The software business has radically altered our way of life by affecting practically every aspect of it. The growth of the software industry is a result of users' rising needs for customization and convenience. The tech industry has a significant positive impact on employment, exports, economic growth, and global trade. More “intelligent” products and apps will be created in the next few years, including watches, cars, home appliances, and even eyewear. As a result, Forrester Research predicts that the market for software products will keep expanding and improving. The software industry generates more than a trillion dollars annually in the US alone. The annual salaries of software developers are more than twice as high as those of all other US employees. According to IBEF figures, the predicted costs for packaged applications are visible in the BRIC countries of Brazil, Russia, India, and China. About 8% of India's GDP comes from the country's software sector (Naseem et al., 2021; Shaukat et al., 2018). Around 200 billion USD in revenue is generated by the sector, of which 150 USD comes from exports. The software sector has generated 12 million prospects for indirect employment in addition to 4 million direct positions.

Software development is a dynamic process that advances continuously to address the various business needs of its clients and end users. Many SMEs (small and medium enterprises) in India have benefited from the inclusion of the software industry, which also supports the formal economy. It has helped to digitise a number of industries, including banking and rail. The list of features that every system must have in order to meet client expectations is a well-defined requirement. The successful completion of software projects depends heavily on the effective management of these requirements. A proactive methodology is a better strategy for risk assessments.
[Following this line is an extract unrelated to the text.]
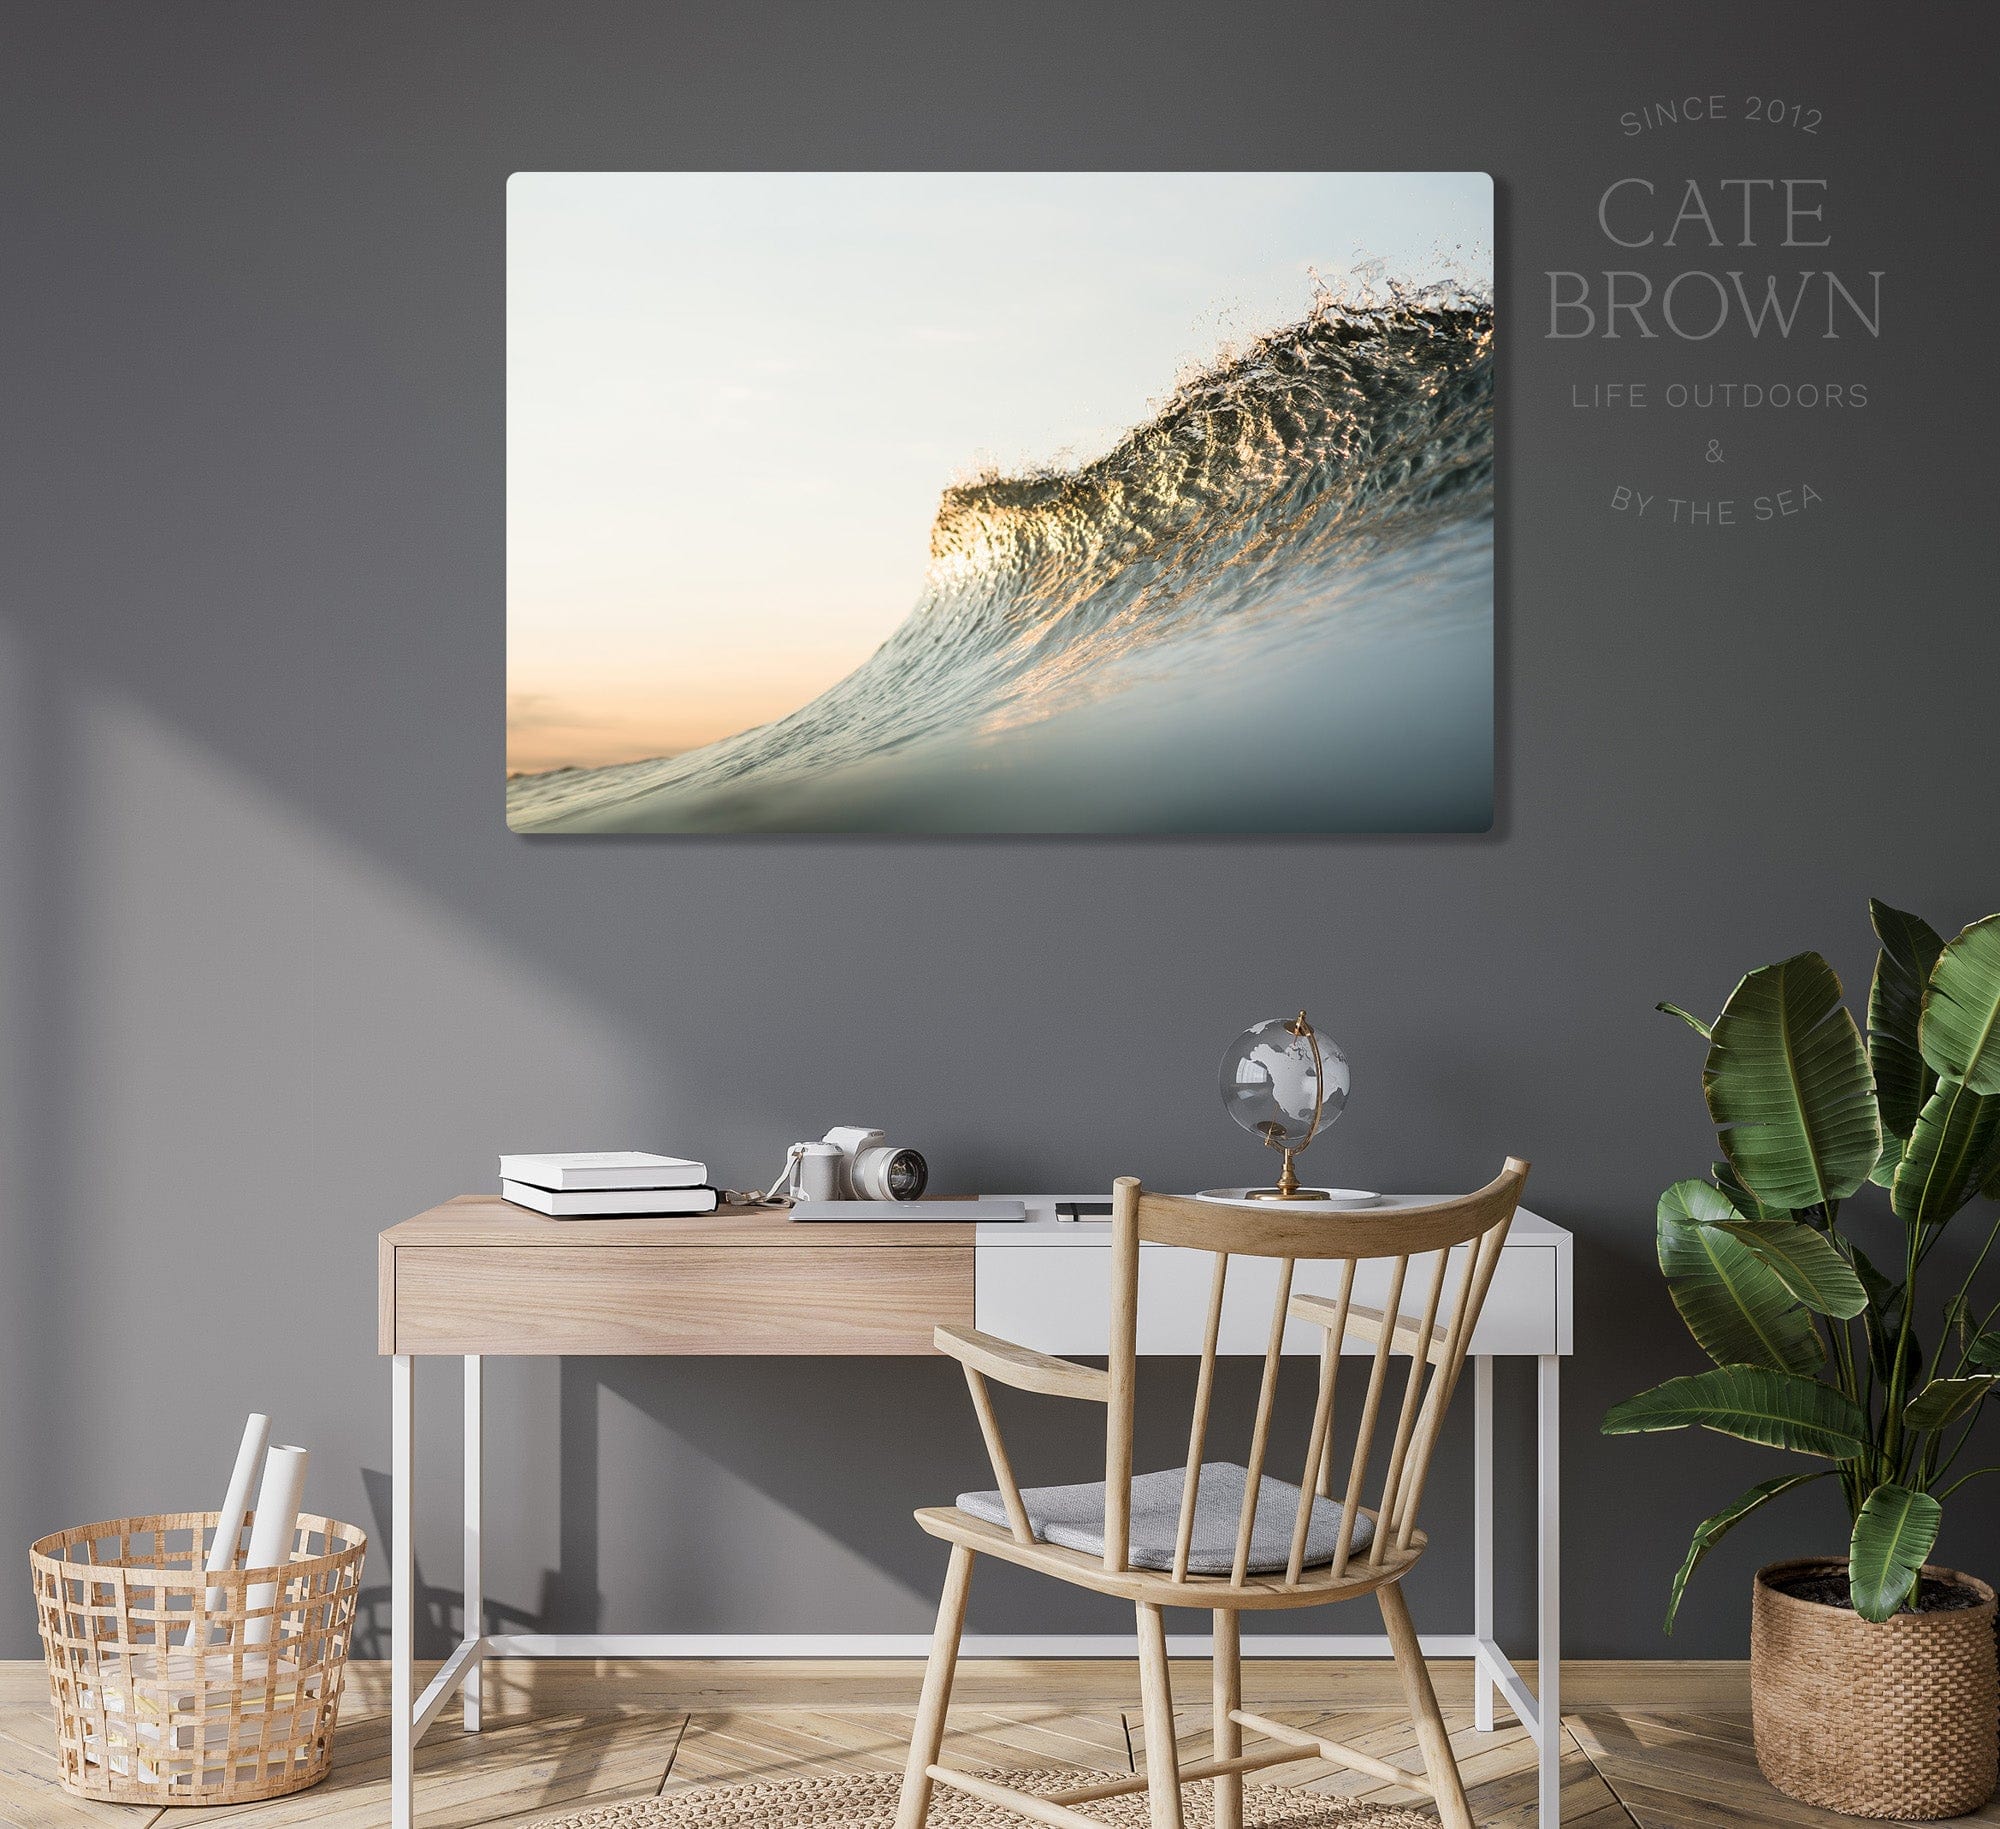 Cate Brown Photo Canvas / 16"x24" / None (Print Only) Mercurial  //  Ocean Photography Made to Order Ocean Fine Art

Early on in the software development process, it can be challenging to identify these risk-related requirements. To analyse and evaluate these requirements, a team of software domain specialists is needed. These hazards must be foreseen in advance for software development to be successful. For the prediction of risks in the requirements, a method comprising software requirement risks is necessary. These requirement-based hazards are currently predicted, classified, and prioritised using methods that are not based on formal modelling methodologies (Letier et al., 2014).

Risk management in software development includes risk assessments as a crucial component. They are informal, highly subjective assessments made by a risk group or team. The benefit of having a team of requirement specialists conduct this analysis is not available for all software projects. As they are labour-intensive and extremely subjective, the risk assessment techniques that are now available have a significant likelihood of being inaccurate. The popular abbreviation VUCA stands for volatility, uncertainty, complexity, and ambiguity. The literature demonstrates that VUCA elements have been repeatedly found and are acknowledged to have had the greatest impact on the software sector. The study's objectives are to pinpoint the variables that influence software development, investigate different risk factors, and examine how VUCA risks are related to one another. Additionally, it intends to provide a framework with artificial intelligence that can control VVCA risks early on and successfully utilise a number of methods (Haribalaji et al., 2021; Sampath et al., 2022).

The requirement engineering phase is the cornerstone of all software initiatives. Any software is developed based on the analysis of the requirements and the agreement between the businesses. One of the key elements affecting the project's time, money, and quality is successfully completing the requirement elicitation process. Requirement risk is defined as the degree of uncertainty between the users' expectations and the system's perceived requirements. A technique for examination that is primarily anticipated to identify writing that is relevant to a certain research area is the review or survey of the literature. A number of studies and comparisons of alternative methodologies have been conducted in recent years, with various performance factors related to software requirement risks being considered. A significant portion of the GDP of many nations, including India, is contributed by the software industry. The complexity of the programme is also increased by the density of its products. In India's software industry, a significant number of projects have encountered difficulties or failed during the past few years (Demirel and Das, 2018; Marasco, 2007).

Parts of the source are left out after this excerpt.